View of Rano Kau from the approach to Orongo showing the gap in the lip of the crater wall

Rano Kau is a 324 m (1,063 ft) tall extinct volcano that forms the southwestern headland of Easter Island, a Chilean island in the Pacific Ocean. It was formed of basaltic lava flows in the Pleistocene with its youngest rocks dated at between 150,000 and 210,000 years ago.

The crater

Map of Easter island surrounded by sea with moai dotting the edge denoting Ahus, an inset map shows location of Easter Island in the Indian ocean far to the west of Chile
Rapa Nui, with Rano Kau and the volcanoes Terevaka & Poike. To the south are the ruins at Orongo, as well as the islets Motu Nui, Moto Kau Kau and Motu Iti. To the north are Mataveri International Airport then Hanga Roa town.

Rano Kau has a crater lake which is one of the island's only three natural bodies of fresh water. Most of the volcano is on the coast and has been eroded back to form high sea cliffs which at one point have started to bite into the crater wall. On its northern side, the volcano slopes down to Mataveri International Airport.

Rano Kau is in the world heritage site of Rapa Nui National Park and gives its name to one of the seven sections of the park. The principal archaeological site on Rano Kau is the ruined ceremonial village of Orongo which is located at the point where the sea cliff and inner crater wall converge. One ahu with several moai was recorded on the cliffs at Rano Kau in the 1880s, but had fallen to the beach by the time of the Routledge expedition in 1914.

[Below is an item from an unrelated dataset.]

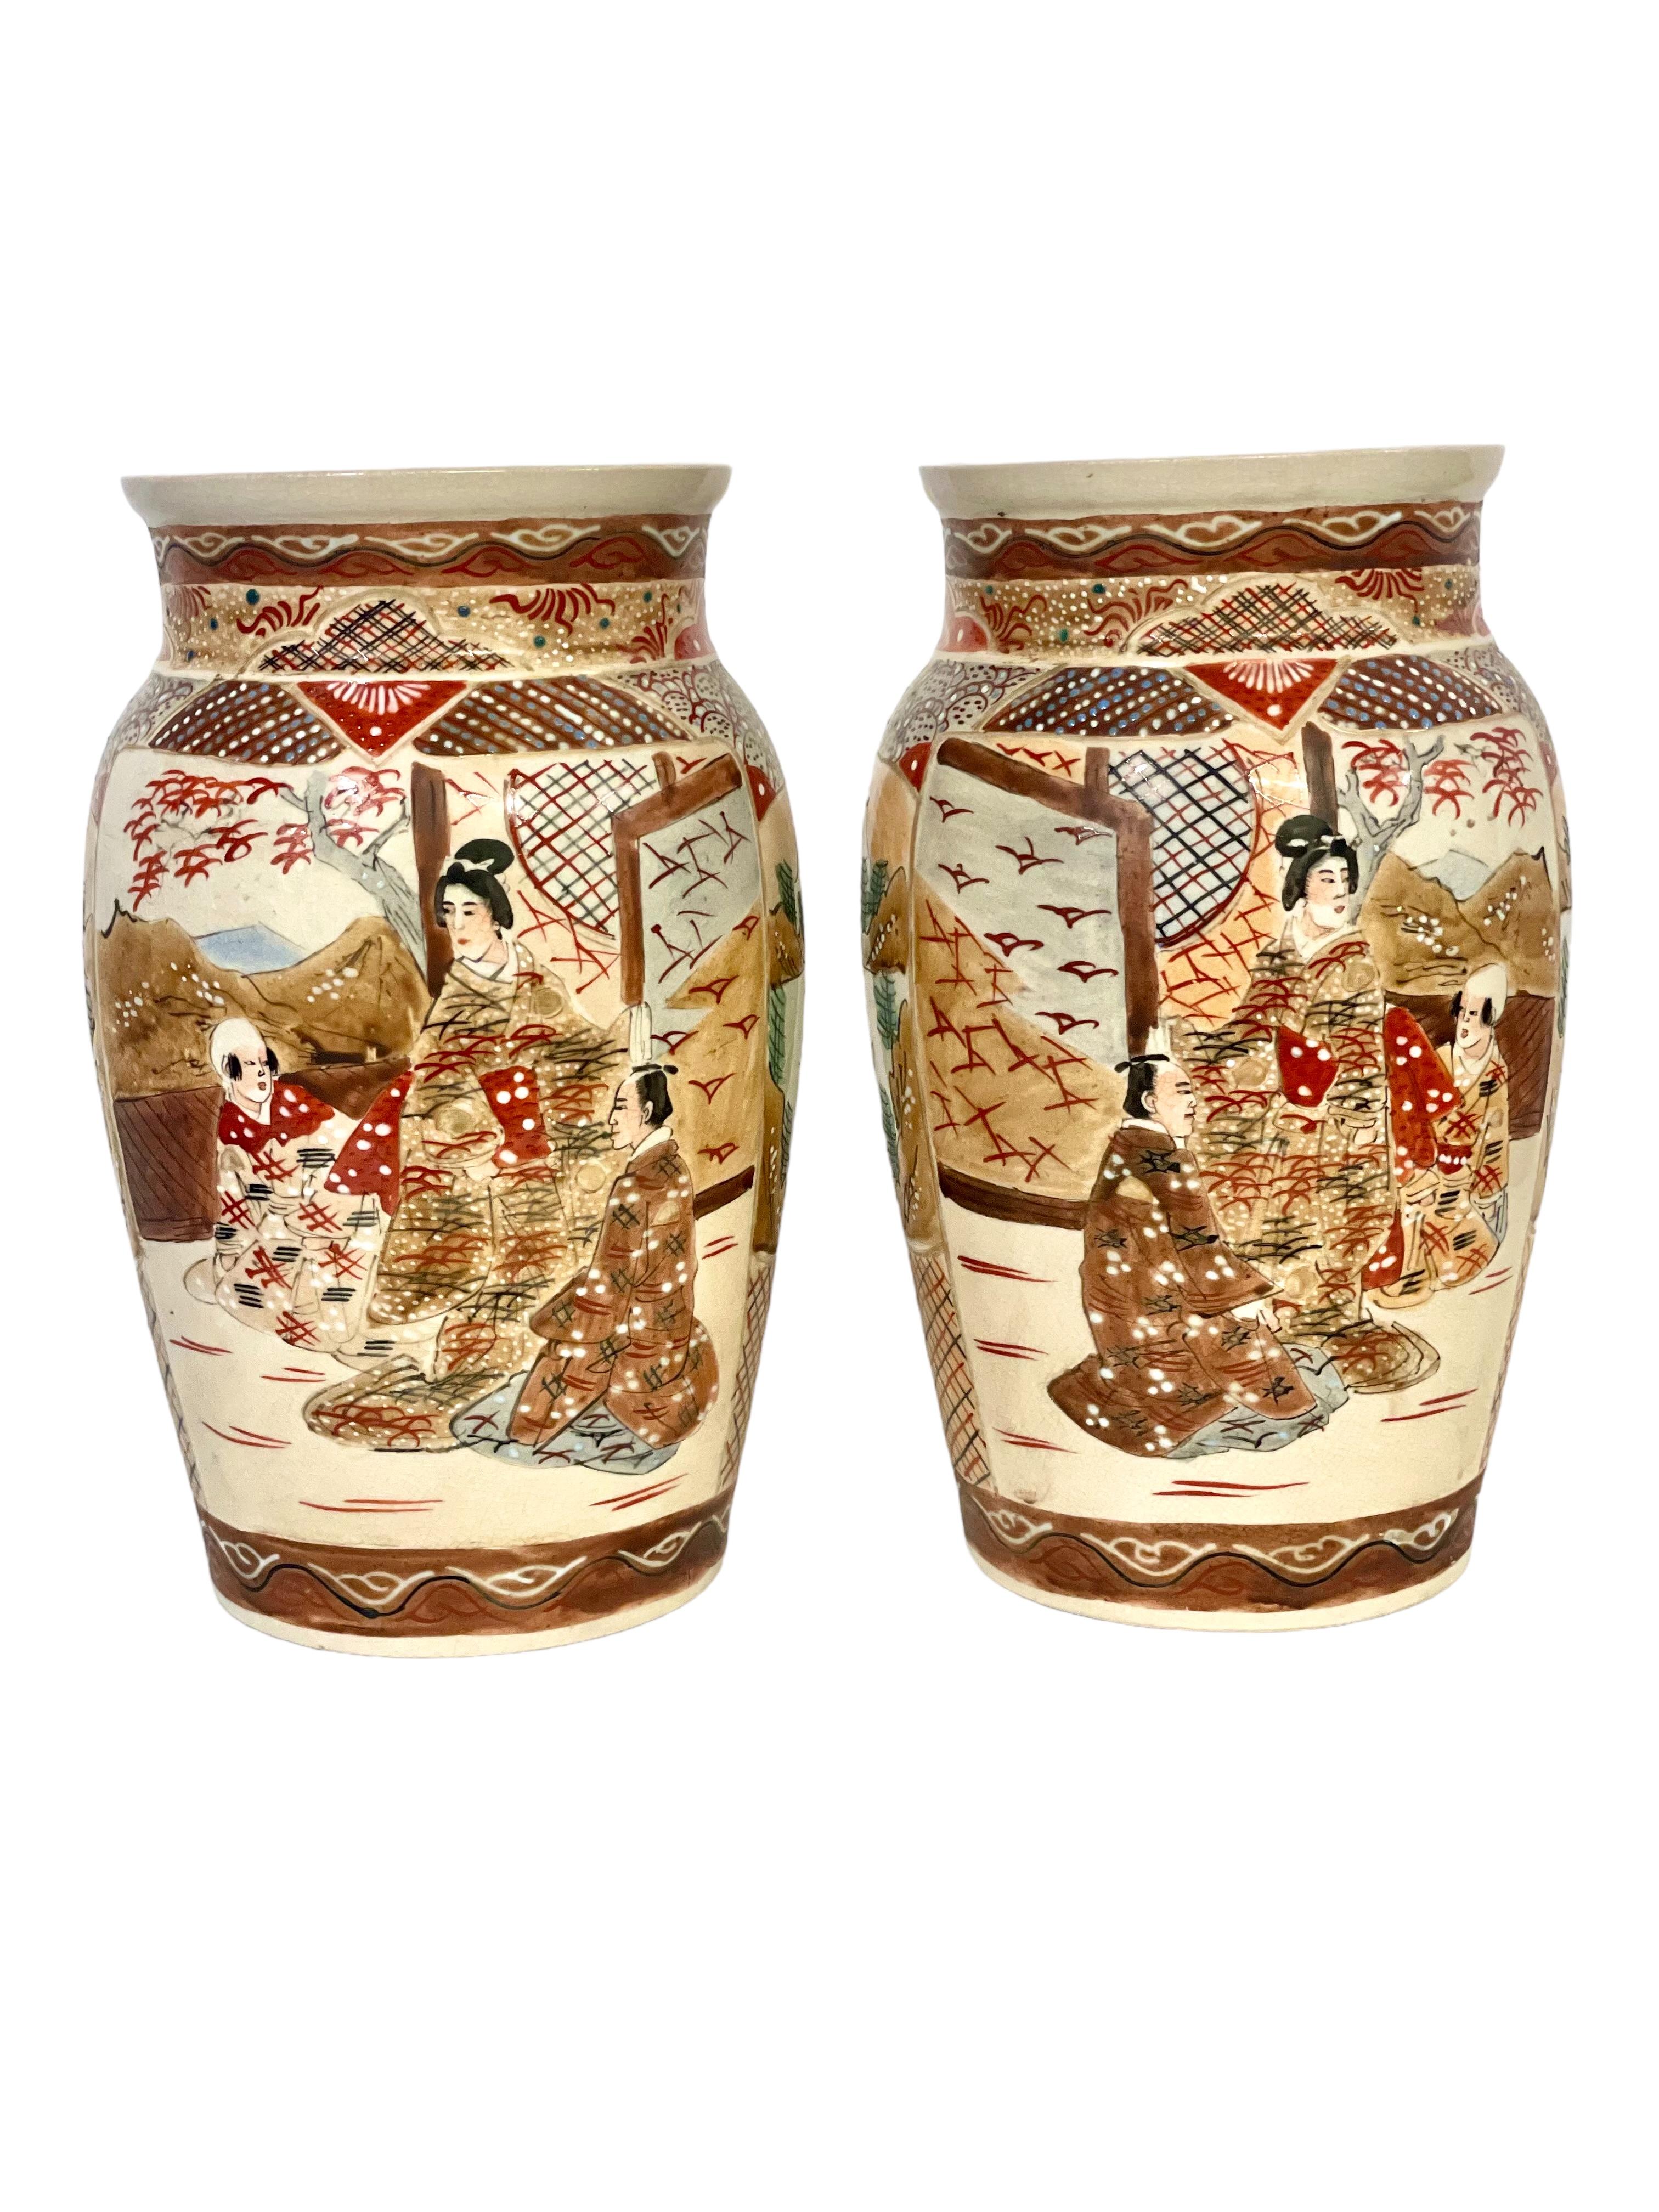 Ein feines Paar japanischer Satsuma-Steingutvasen, kunstvoll verziert in den typischen Satsuma-Farben mit Emaille und starker Vergoldung. Die Motive auf den Körpern dieser Schultervasen aus dem späten 19. oder frühen 20. Jahrhundert zeigen

As well as basalt, it contains several other igneous rocks including obsidian (for which it was one of the major sources for the island's stoneworkers) and pumice.

The crater is almost a mile across and has its own micro climate. Sheltered from the winds that wet most of the rest of the island, figs and vines flourish at Rano Kau.[1] The inner slope was the site of the last toromiro tree in the wild until the specimen was chopped down for firewood in 1960.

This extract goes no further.